Asimismo, se ha organizado el desarrollo de cooperativas de trabajo, porque la idea es apoyar el emprendimiento en los núcleos familiares, una forma de sustento de las familias populares.

Todo lo descrito llena de ánimo a la Asamblea, pero a la vez se dan cuenta que faltan recursos y manos para seguir sosteniendo este arduo trabajo. Por ello, resulta importante fortalecer la participación en las diversas acciones y en la organización.

El trabajo del ropero popular.

La compañera Aurelia Luco

La vida de la compañera que entrevistamos nos llena de emoción, pues junto con ser parte activa de la Asamblea Territorial de Reñaca Alto hoy, ella fue una activista y organizadora de las ollas comunes de la década de los 80’ en la Población La Legua de San Joaquín, zona sur de Santiago. Además fue defensora de los derechos humanos y sindicales, organizada en la Coordinadora de Derechos Humanos y Sindicales en pleno gobierno de la Junta Militar Fascista.
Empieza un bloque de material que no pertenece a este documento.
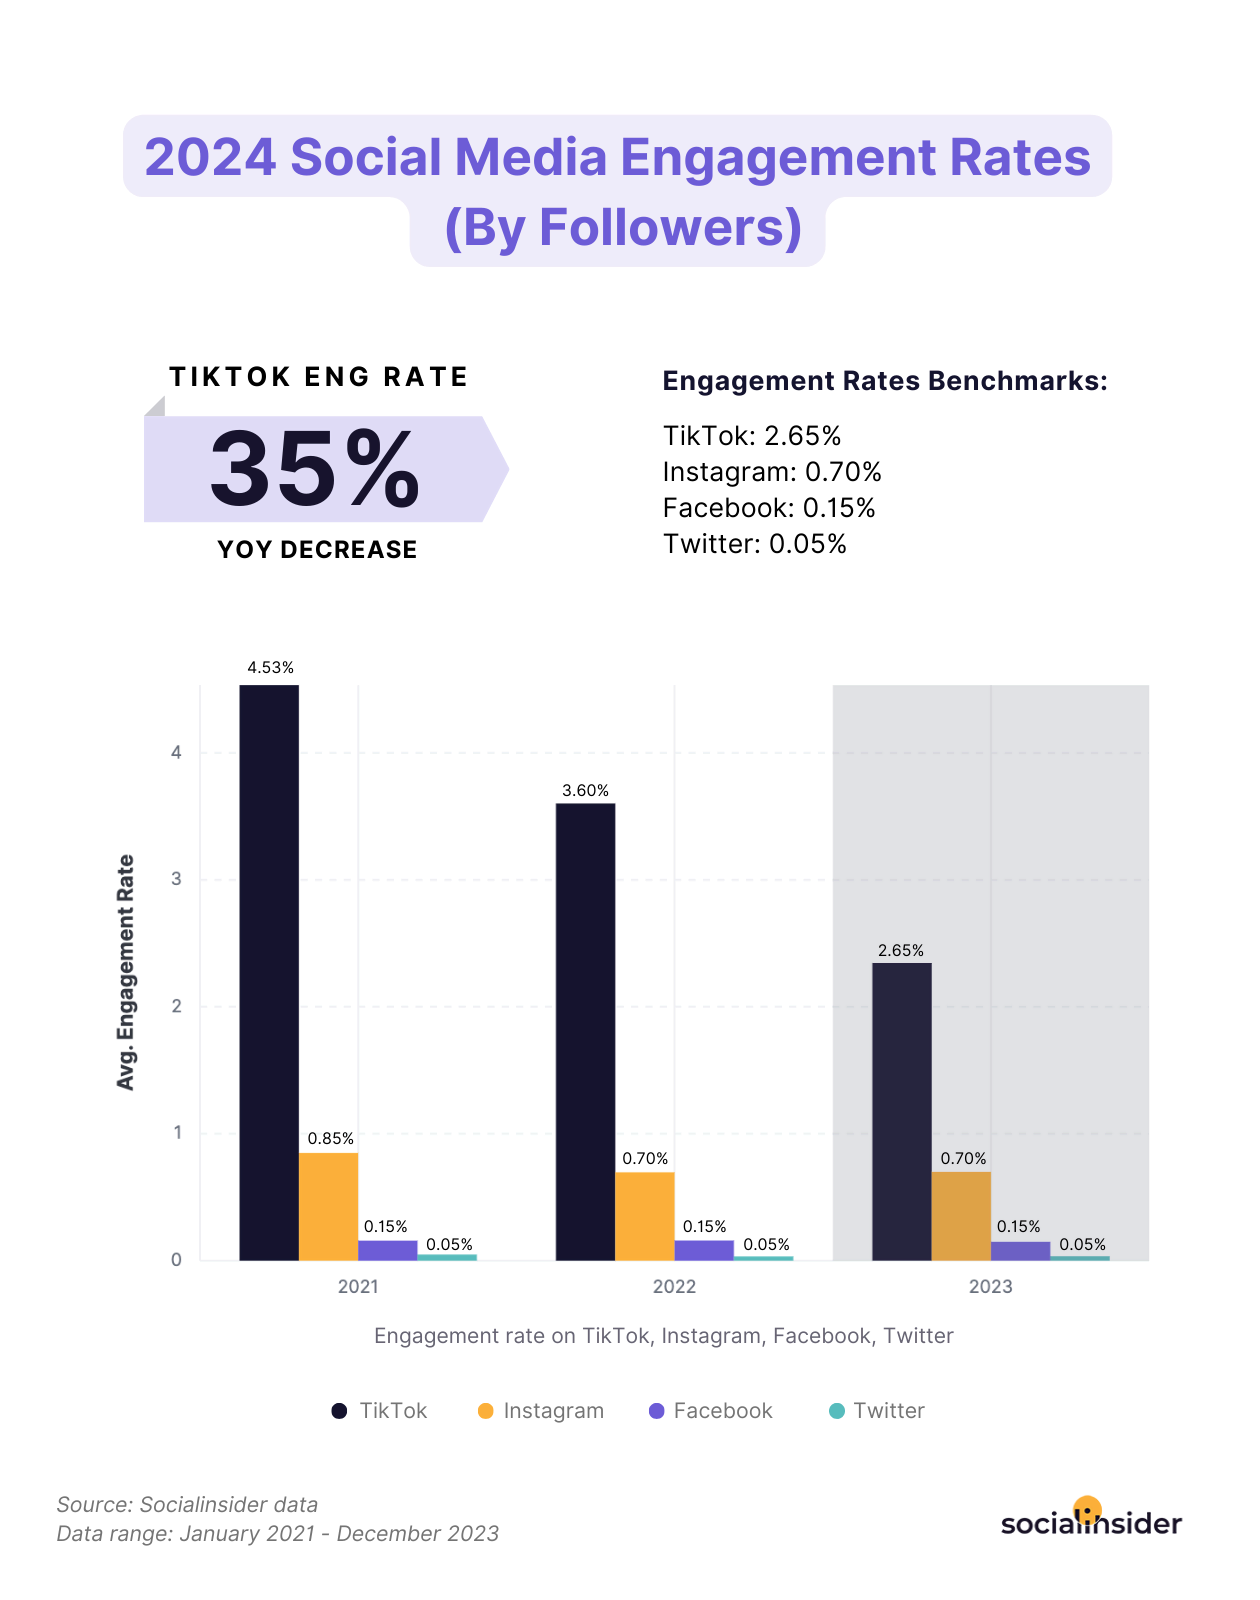 engagement rate benchmarks across the most popular social media platform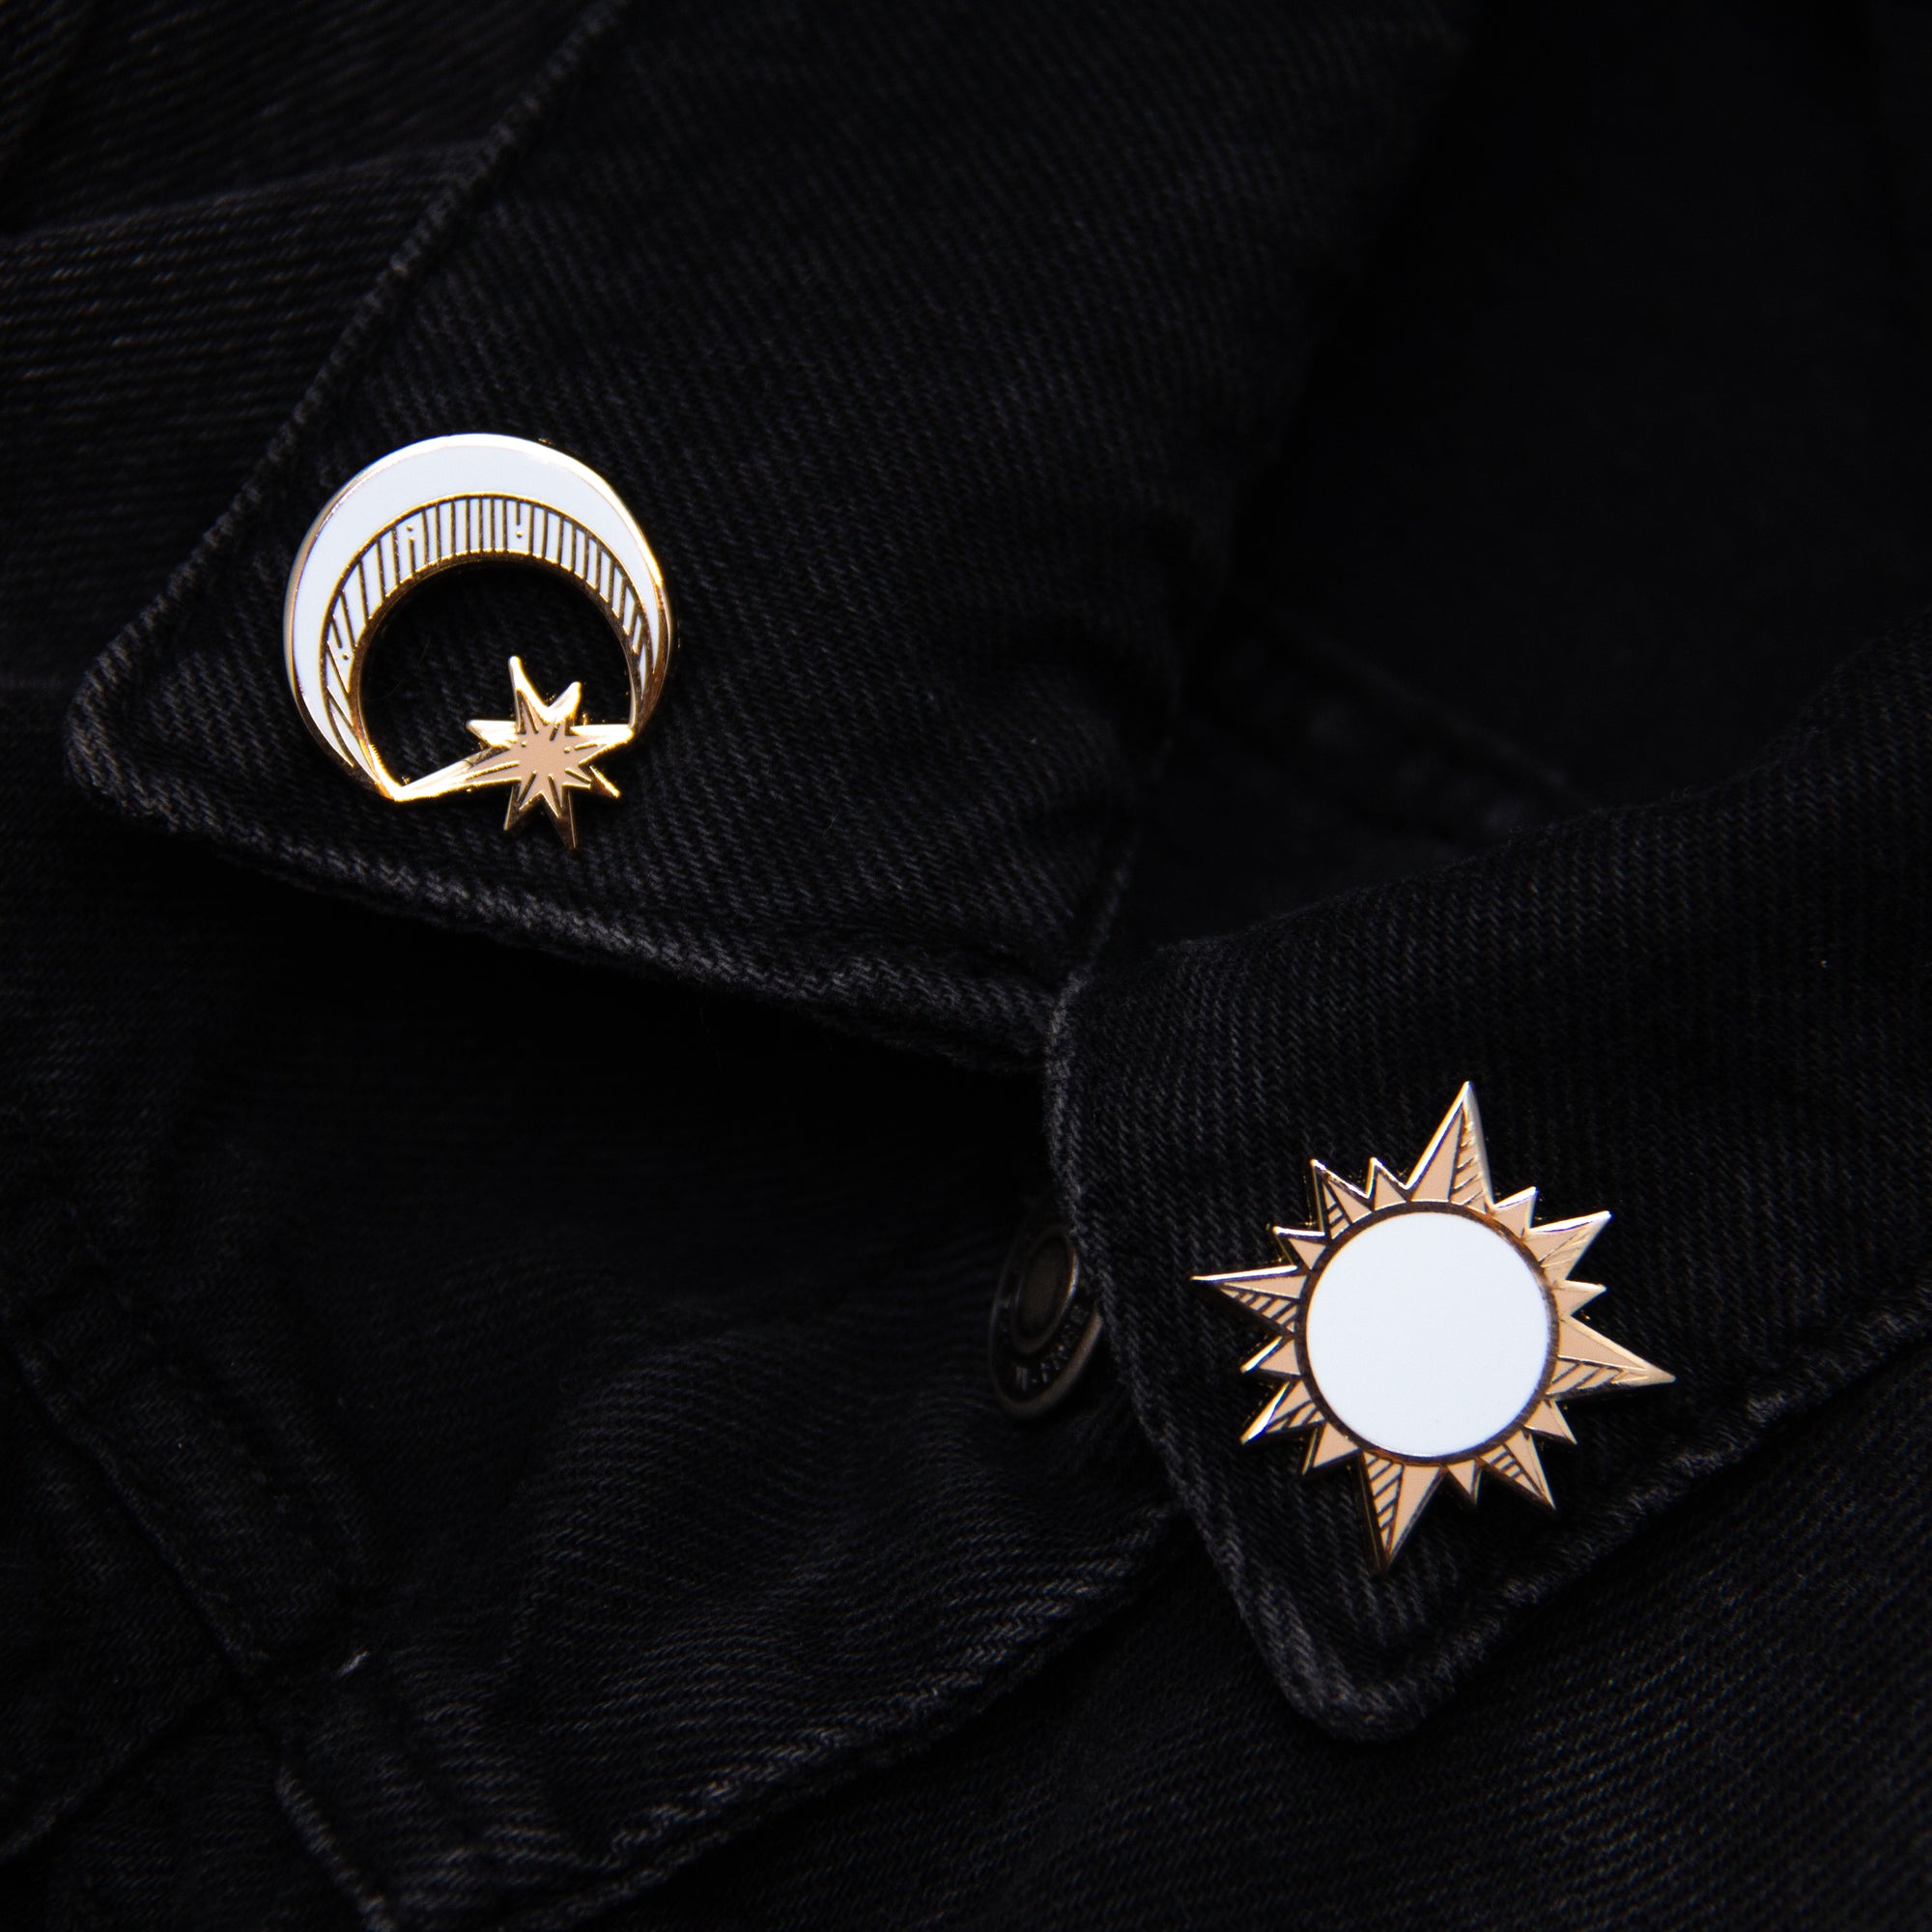 Gold Locking Pin Back – Shop I Am Luna Sol

A sus 70 años, Aurelia Luco se mantiene presente en la lucha de ayer y hoy, firme en sus convicciones, ejemplo de mujer popular que se organiza junto al pueblo. Hoy, pese al temor de la pandemia, busca aportar allí donde se encuentra tomándose de la mano de mujeres, de jóvenes, de activistas que comprenden al igual que ella que “la única arma que tenemos los pobres es la organización”, que solo el pueblo ayuda al pueblo y que la lucha continúa.